I scanned the crowd. I saw nothing other than what I would expect. Nothing indicated what Mr. Dark warned about. “You’re being overly protective. You’re as bad as my mother.”
“Do you still have the object Reuwel gave you?”
I pulled out the pocket watch-like thing the Seraphim gave me. He called it an acrocrometer. I pushed the watch-like stem, and the lid popped open to reveal the face of the gadget. The single watch hand spun around and around. I assumed the thing was broken. When I pushed the golden lid shut, it shocked me.

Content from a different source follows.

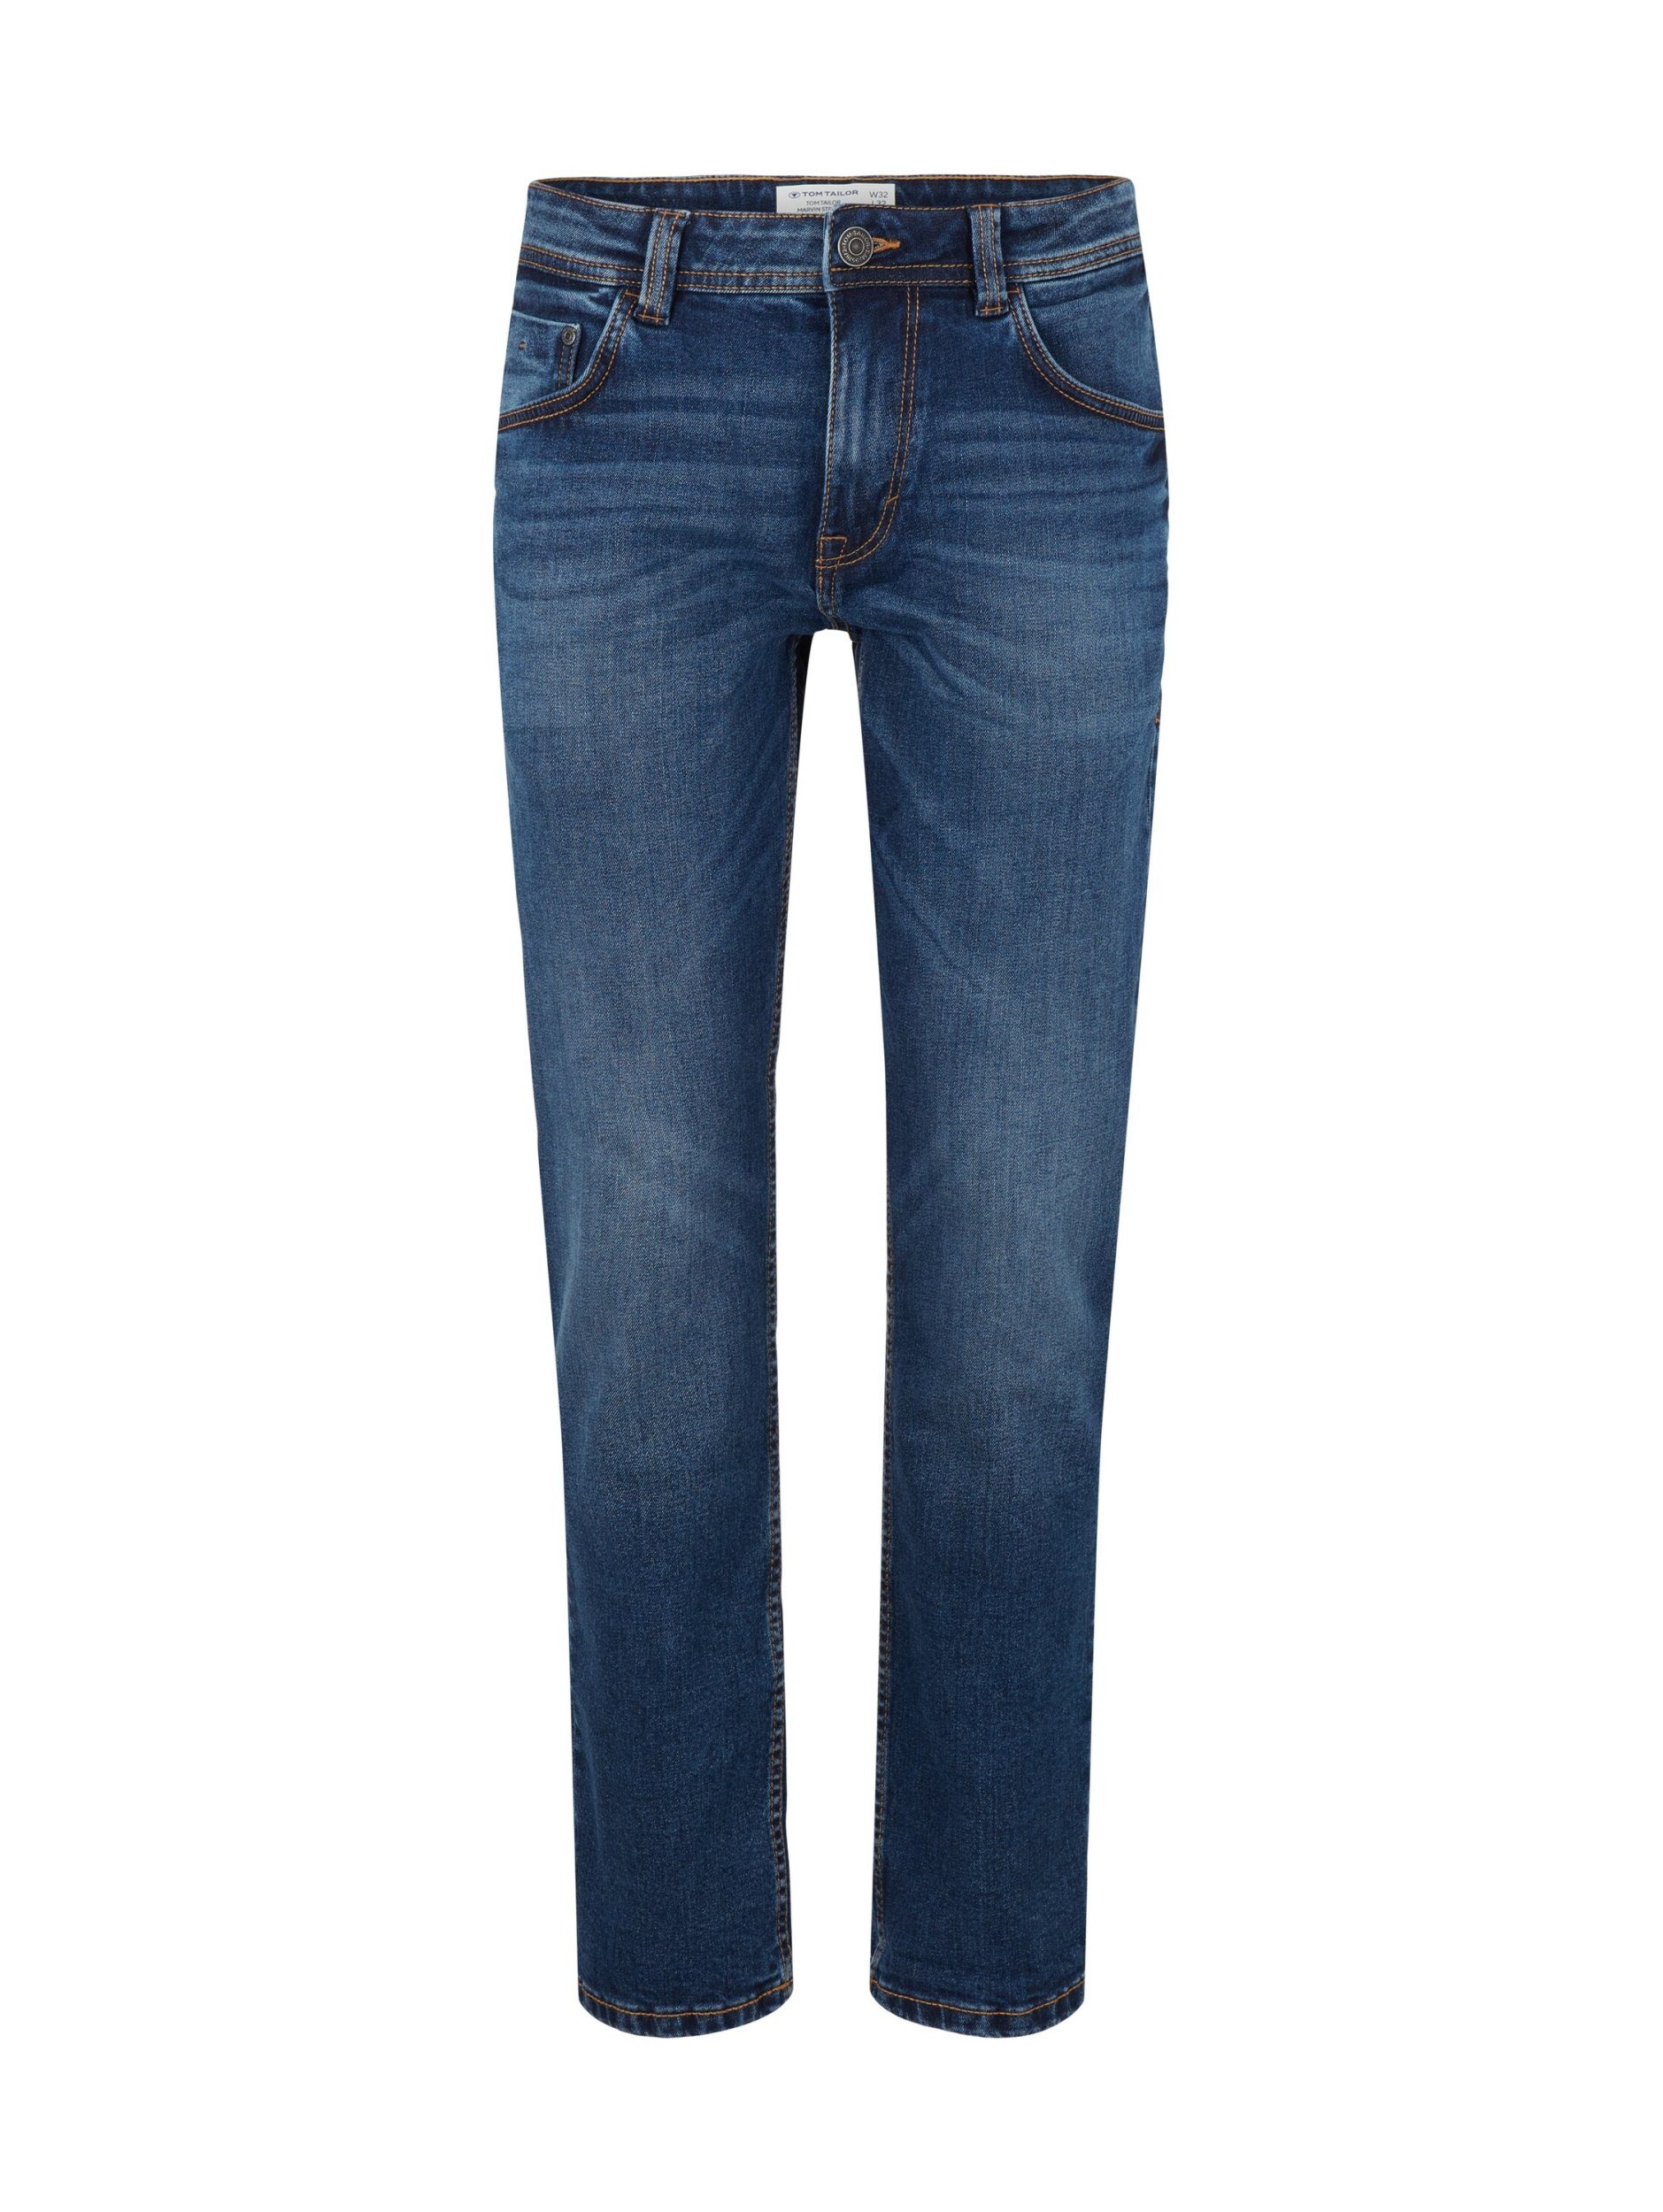 TOM TAILOR 5-Pocket-Jeans Tom Tailor Marvin blau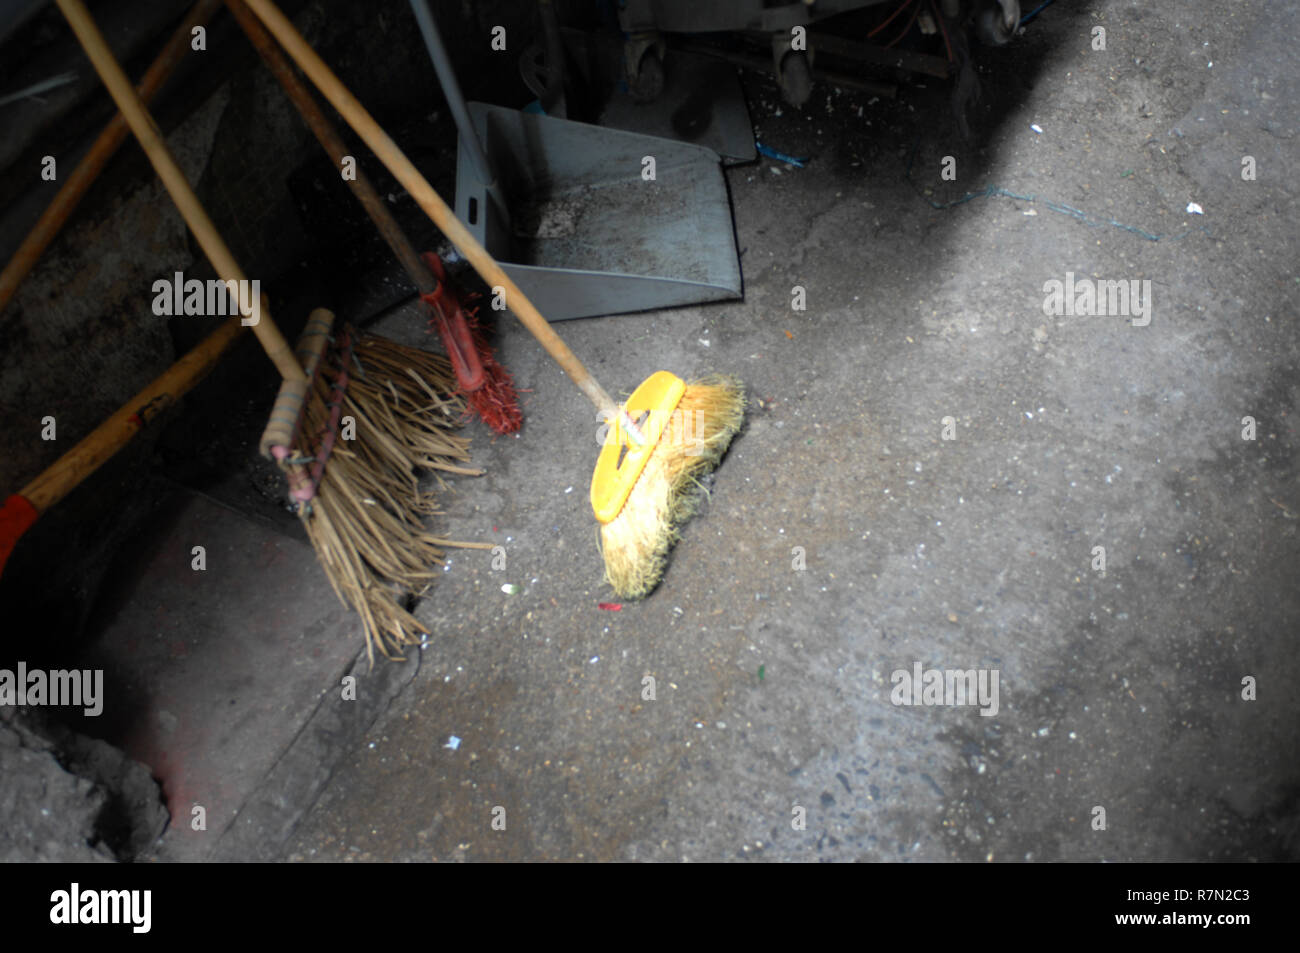 Broom and mop, Hong Kong, China Stock Photo - Alamy

“That should do it. Now, look up.”
I casually glanced up to where Stoney sat on the scaffolding. Sitting beside him wasn’t Kelly from the carnival, but an odd creature. It looked almost human—on its bald head were three eyes with no nose or lips. Strips of flesh zig-zagged across its fang-ridden maw. Scarring from countless victories riddled its misshapen body. Two slithery tongues flicked and caressed Stoney’s face as they slid out from between the fleshy bars. The monster’s wart-ridden arms gripped the metal scaffolding with three-fingered hands. Its back legs looked painfully contorted. The brute, at some time in the past, had ripped its own feet off and replaced them with the hands of one of its victims. I knew instantly the demonic thing came straight from hell.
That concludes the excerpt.